**Given information**
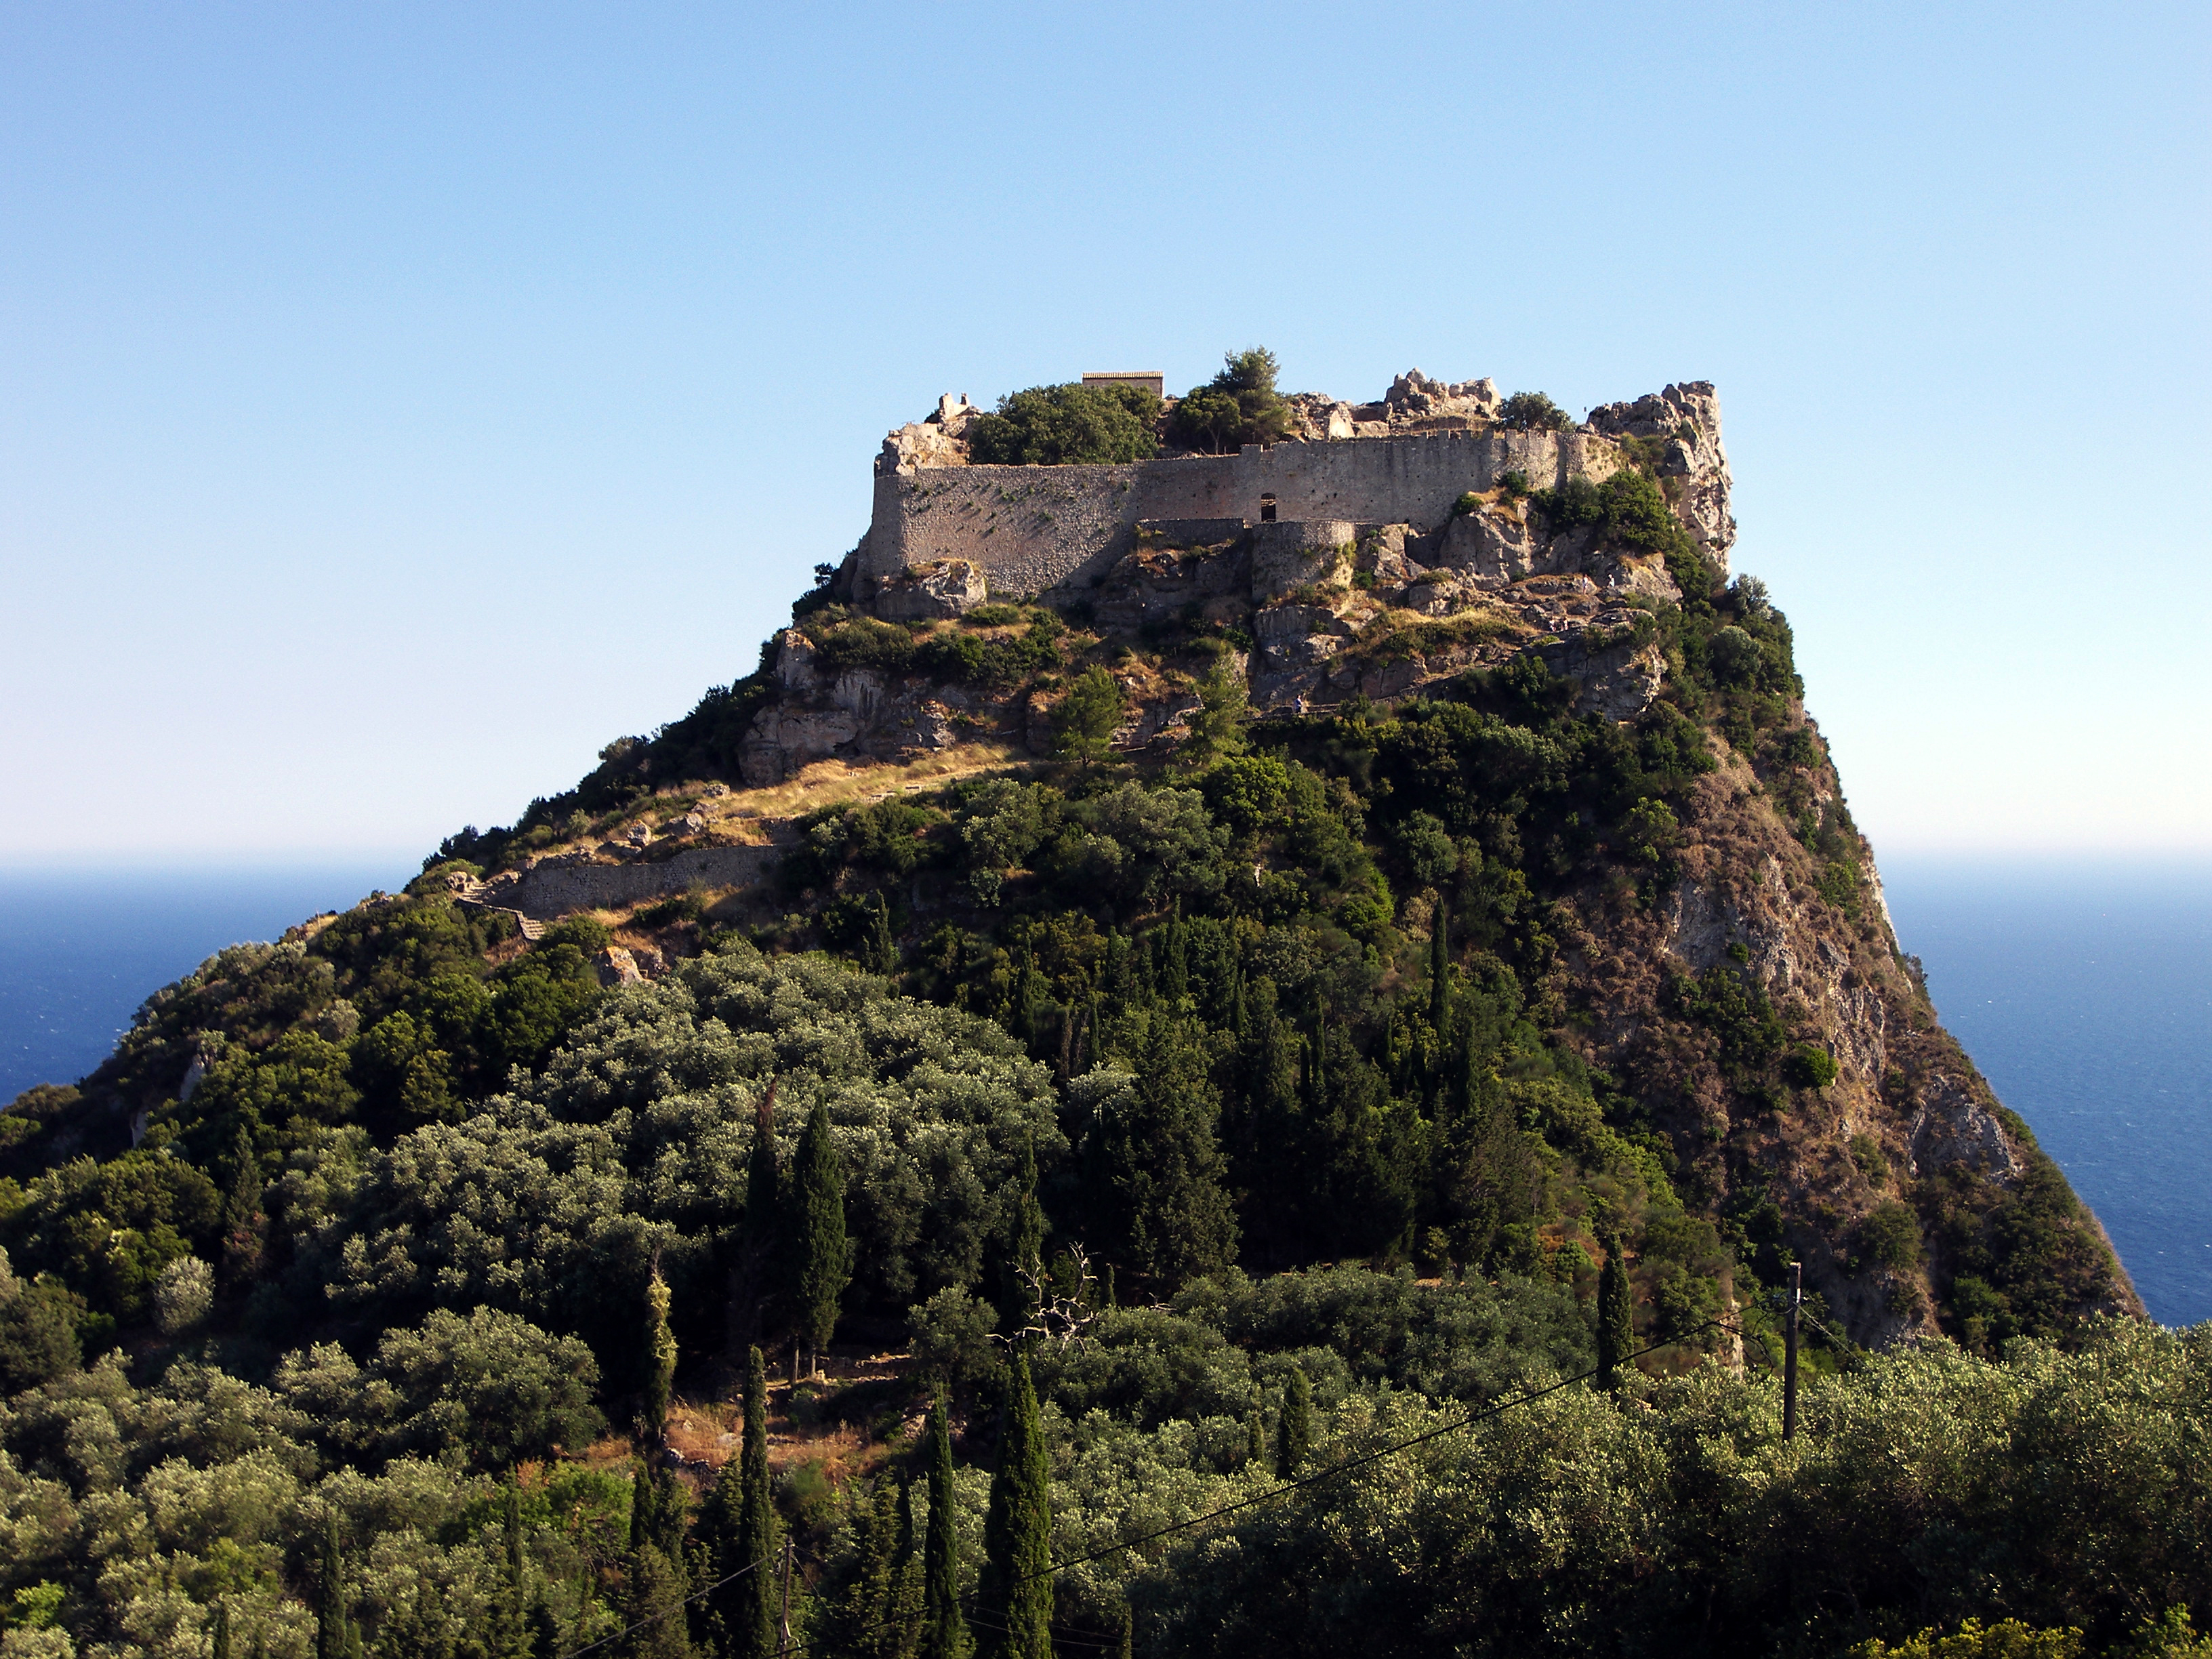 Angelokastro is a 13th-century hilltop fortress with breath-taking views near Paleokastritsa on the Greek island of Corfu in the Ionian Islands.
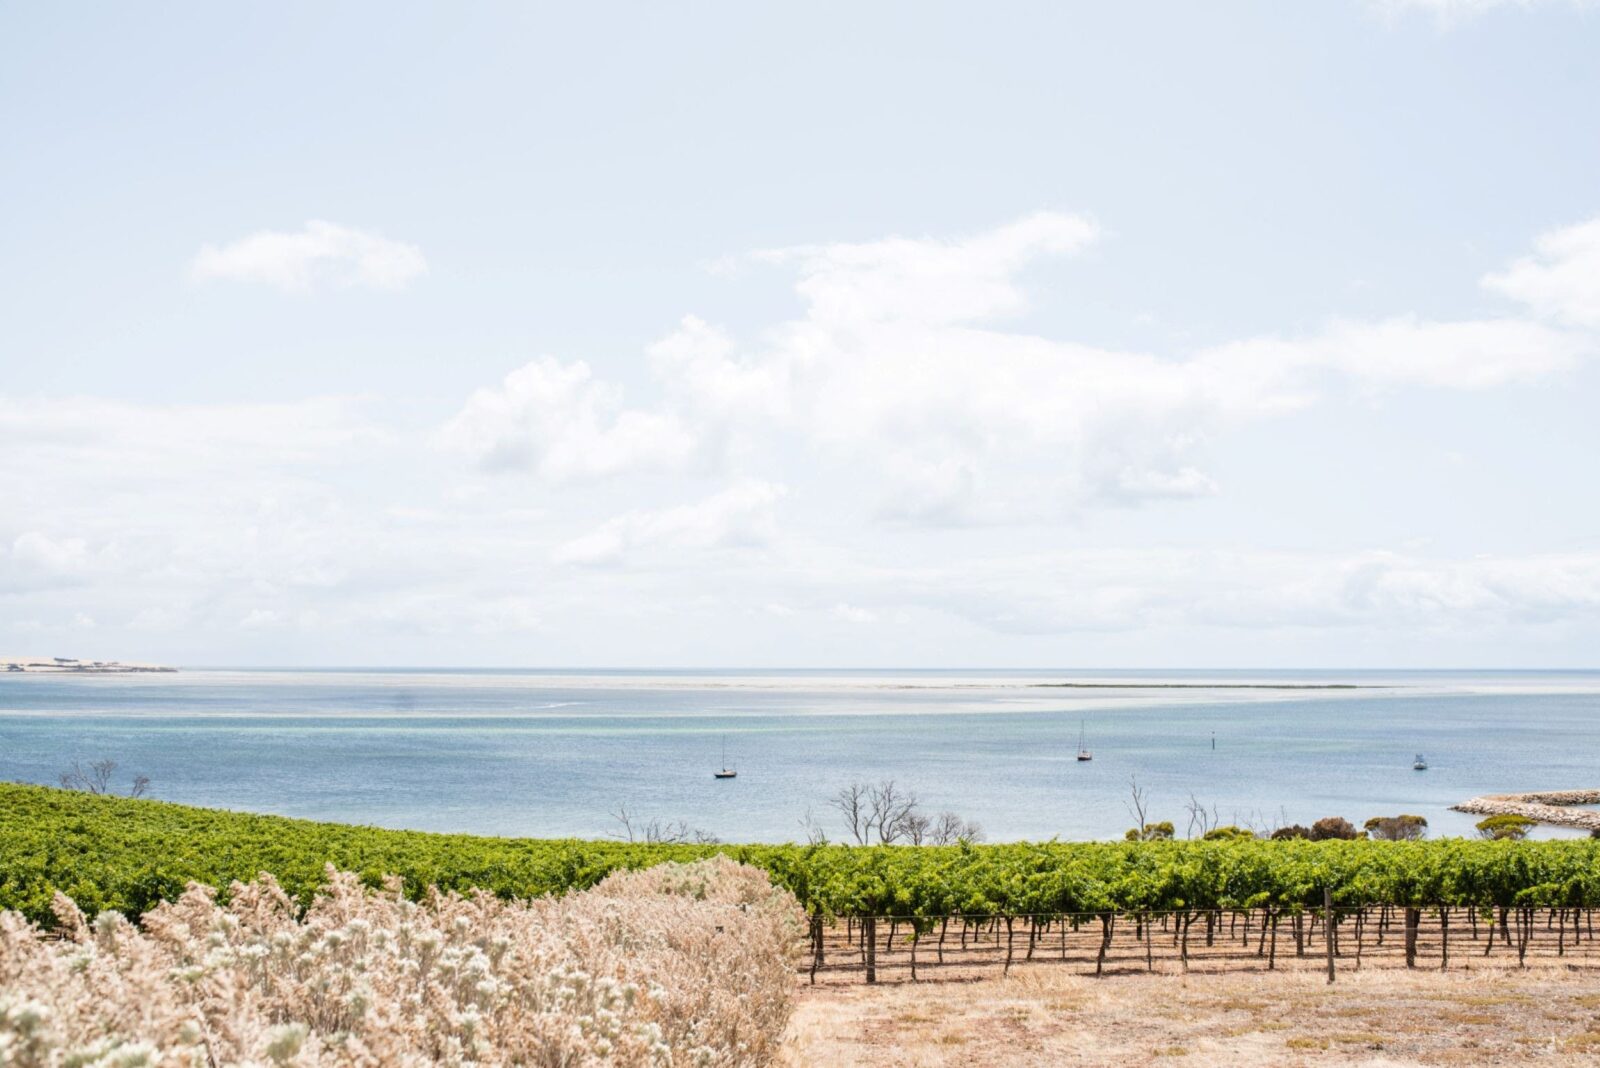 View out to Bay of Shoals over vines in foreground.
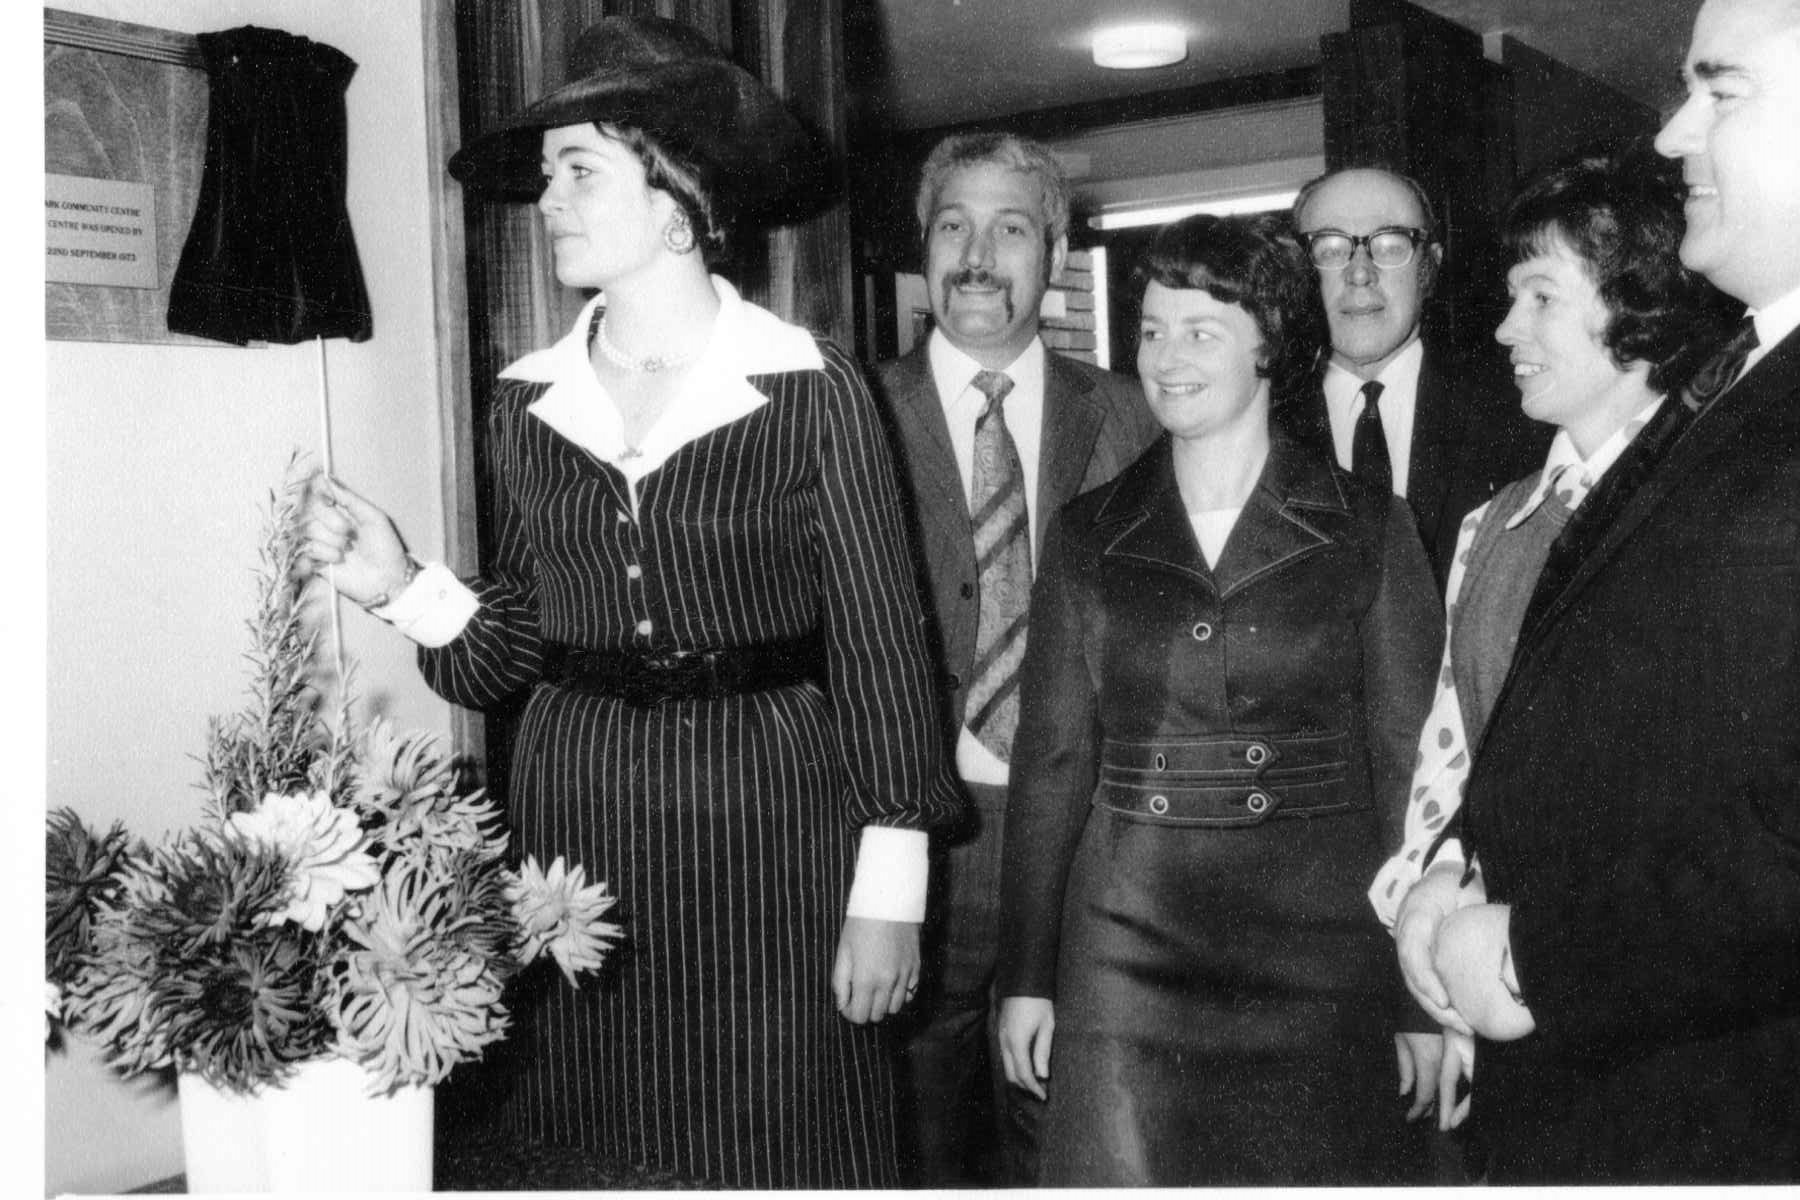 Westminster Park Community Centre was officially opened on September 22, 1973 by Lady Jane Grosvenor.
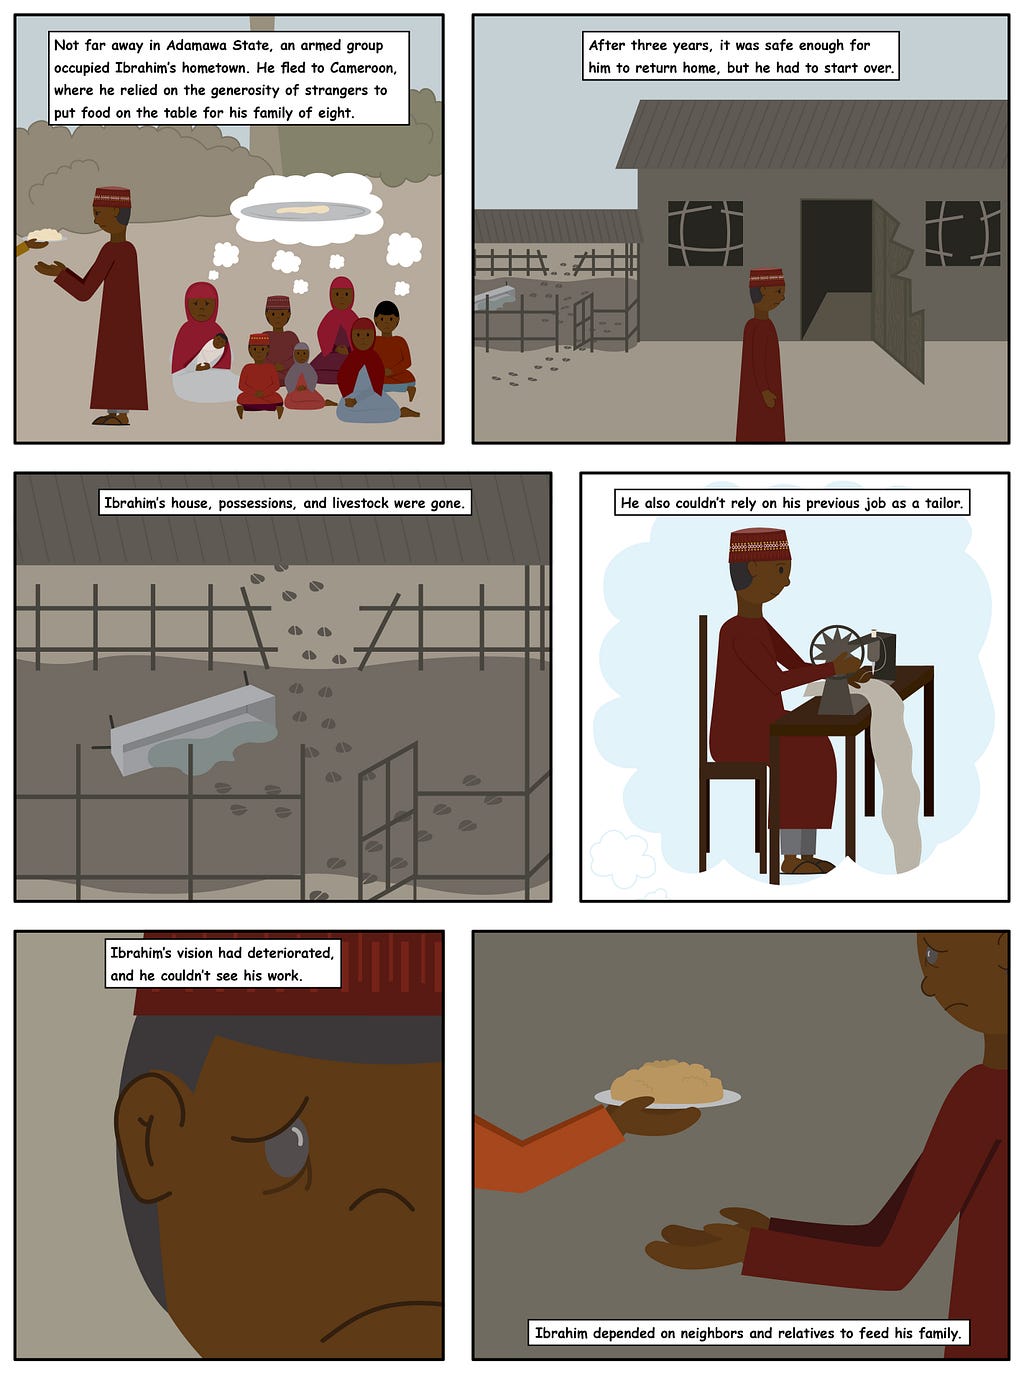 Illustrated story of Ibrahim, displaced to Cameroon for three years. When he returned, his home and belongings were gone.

**What you need to do**
Word for word, restate the lines from the first line of the material through the line containing "Westminster Park Community", with the pictures left out.

**Result**
 Angelokastro is a 13th-century hilltop fortress with breath-taking views near Paleokastritsa on the Greek island of Corfu in the Ionian Islands.
 View out to Bay of Shoals over vines in foreground.
 Westminster Park Community Centre was officially opened on September 22, 1973 by Lady Jane Grosvenor.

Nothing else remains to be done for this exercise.